Gene Regulation, Chromatin and Epigenetics |
JWA regulates XRCC1 and functions as a novel base excision repair protein in oxidative-stress-induced DNA single-strand breaks
1Department of Molecular Cell Biology and Toxicology, Cancer Centre, School of Public Health, Nanjing Medical University, Nanjing 210029, People's Republic of China and 2Department of Dermatology and Skin Science, Jack Bell Research Centre, Vancouver Coastal Health Research Institute, University of British Columbia, Vancouver, British Columbia V6H 3Z6, Canada
*To whom correspondence should be addressed. Tel: +86 25 8686 2961; Fax: +86 25 8686 2050; Email: jwzhou{at}njmu.edu.cn
Received October 20, 2008. Revised January 17, 2009. Accepted January 19, 2009.

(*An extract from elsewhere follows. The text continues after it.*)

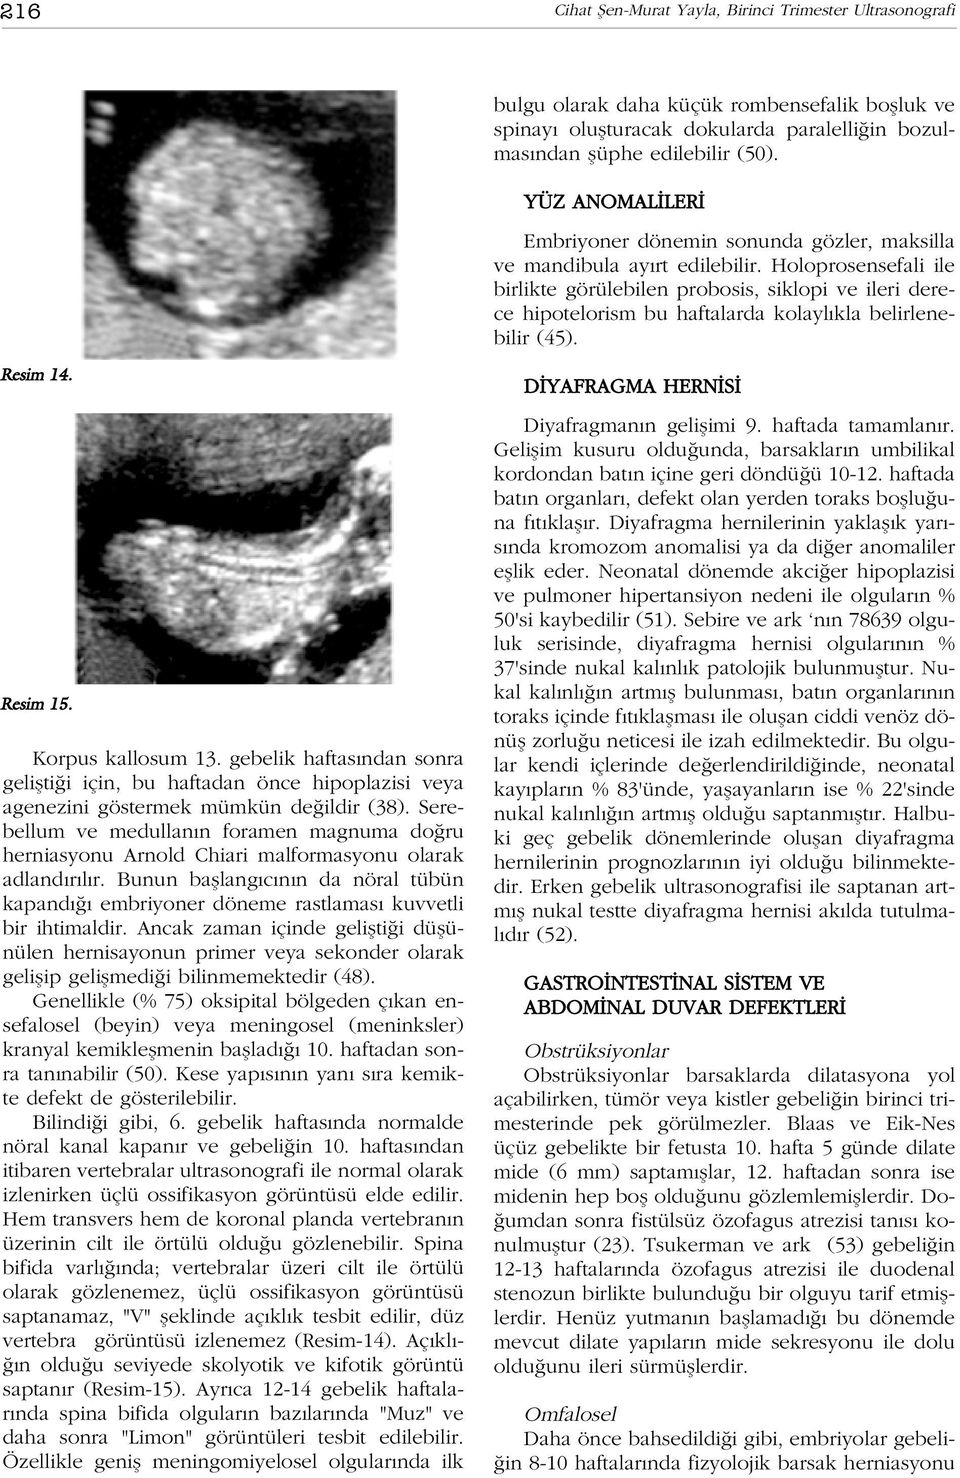 Holoprosensefali ile birlikte görülebilen probosis, siklopi ve ileri derece hipotelorism bu haftalarda kolayl kla belirlenebilir (45). Resim 14. Resim 15. Korpus kallosum 13.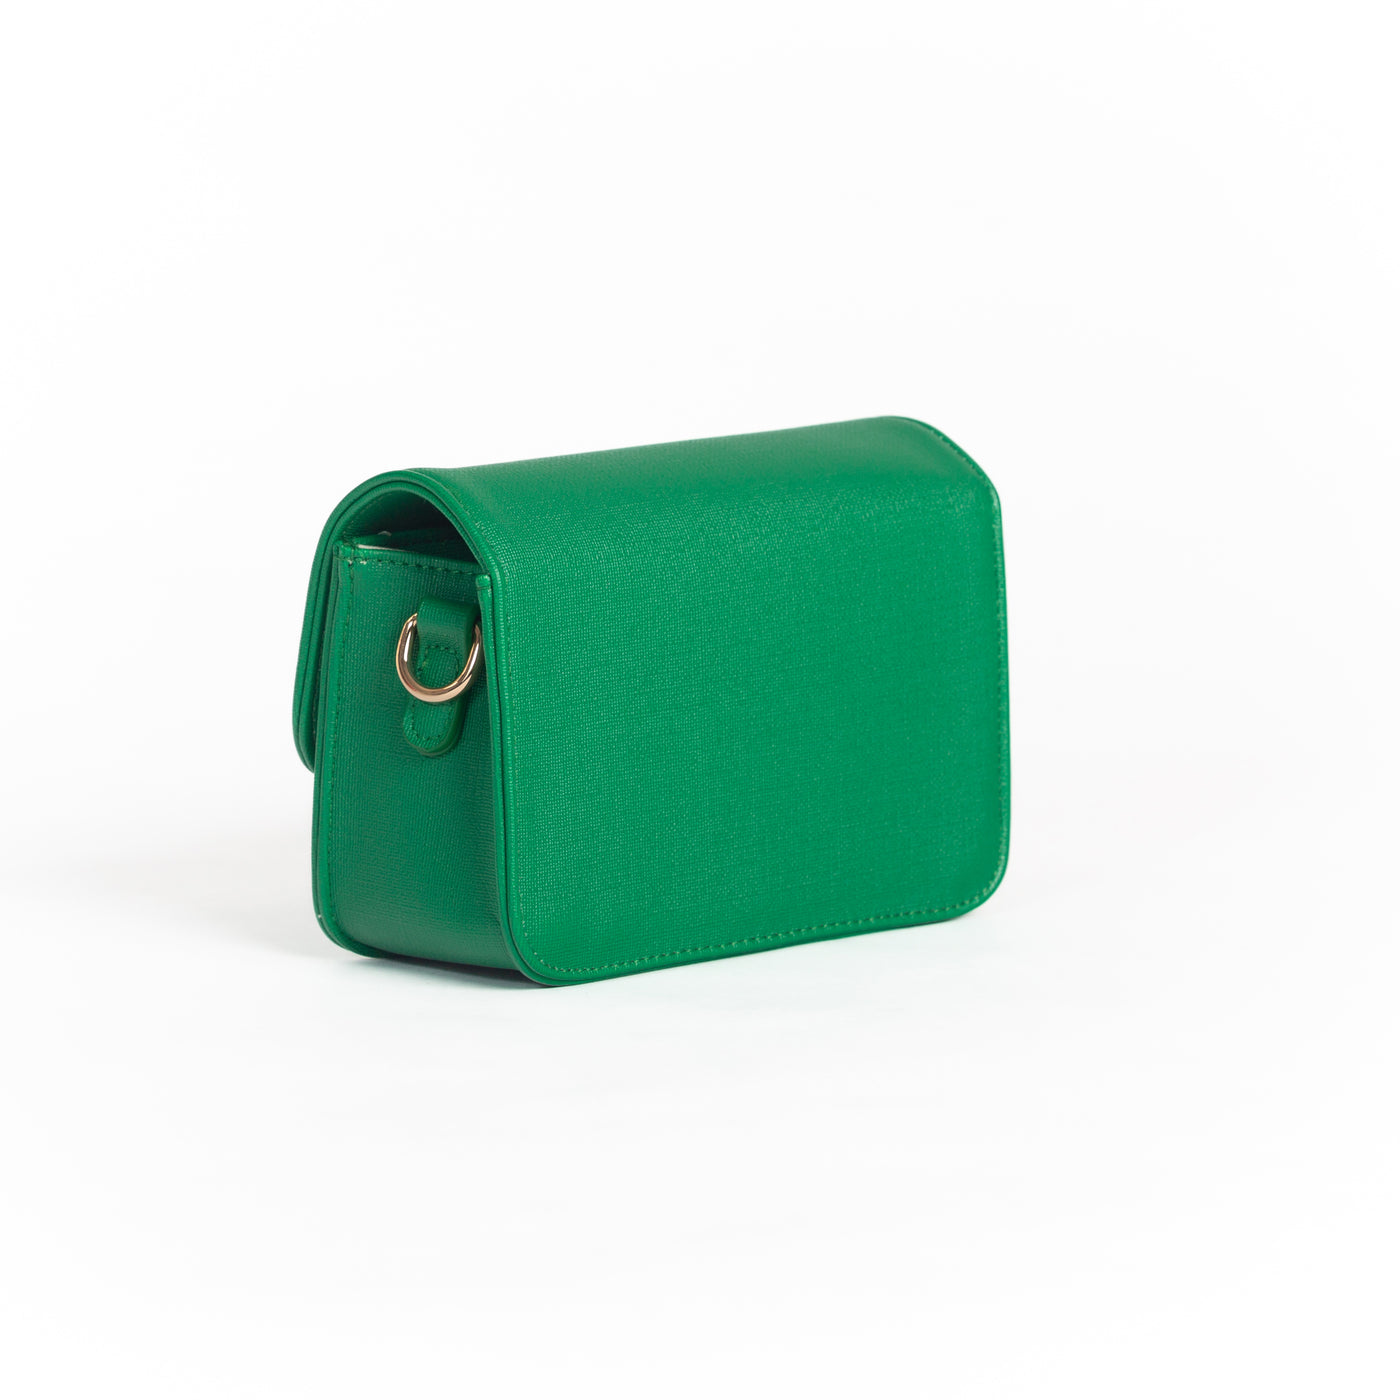 Back of small green handbag

JWA was recently demonstrated to be involved in cellular responses to environmental stress including oxidative stress. Although it was found that JWA protected cells from reactive oxygen species-induced DNA damage, upregulated base excision repair (BER) protein XRCC1 and downregulated PARP-1, the molecular mechanism of JWA in regulating the repair of DNA single-strand breaks (SSBs) is still unclear. Our present studies demonstrated that a reduction in JWA protein levels in cells resulted in a decrease of SSB repair capacity and hypersensitivity to DNA-damaging agents such as methyl methanesulfonate and hydrogen peroxide. JWA functioned as a repair protein by multi-interaction with XRCC1. On the one hand, JWA was translocated into the nucleus by the carrier protein XRCC1 and co-localized with XRCC1 foci after oxidative DNA damage. On the other hand, JWA via MAPK signaling pathway regulated nuclear factor E2F1, which further transcriptionally regulated XRCC1. In addition, JWA protected XRCC1 protein from ubiquitination and degradation by proteasome. These findings indicate that JWA may serve as a novel regulator of XRCC1 in the BER protein complex to facilitate the repair of DNA SSBs.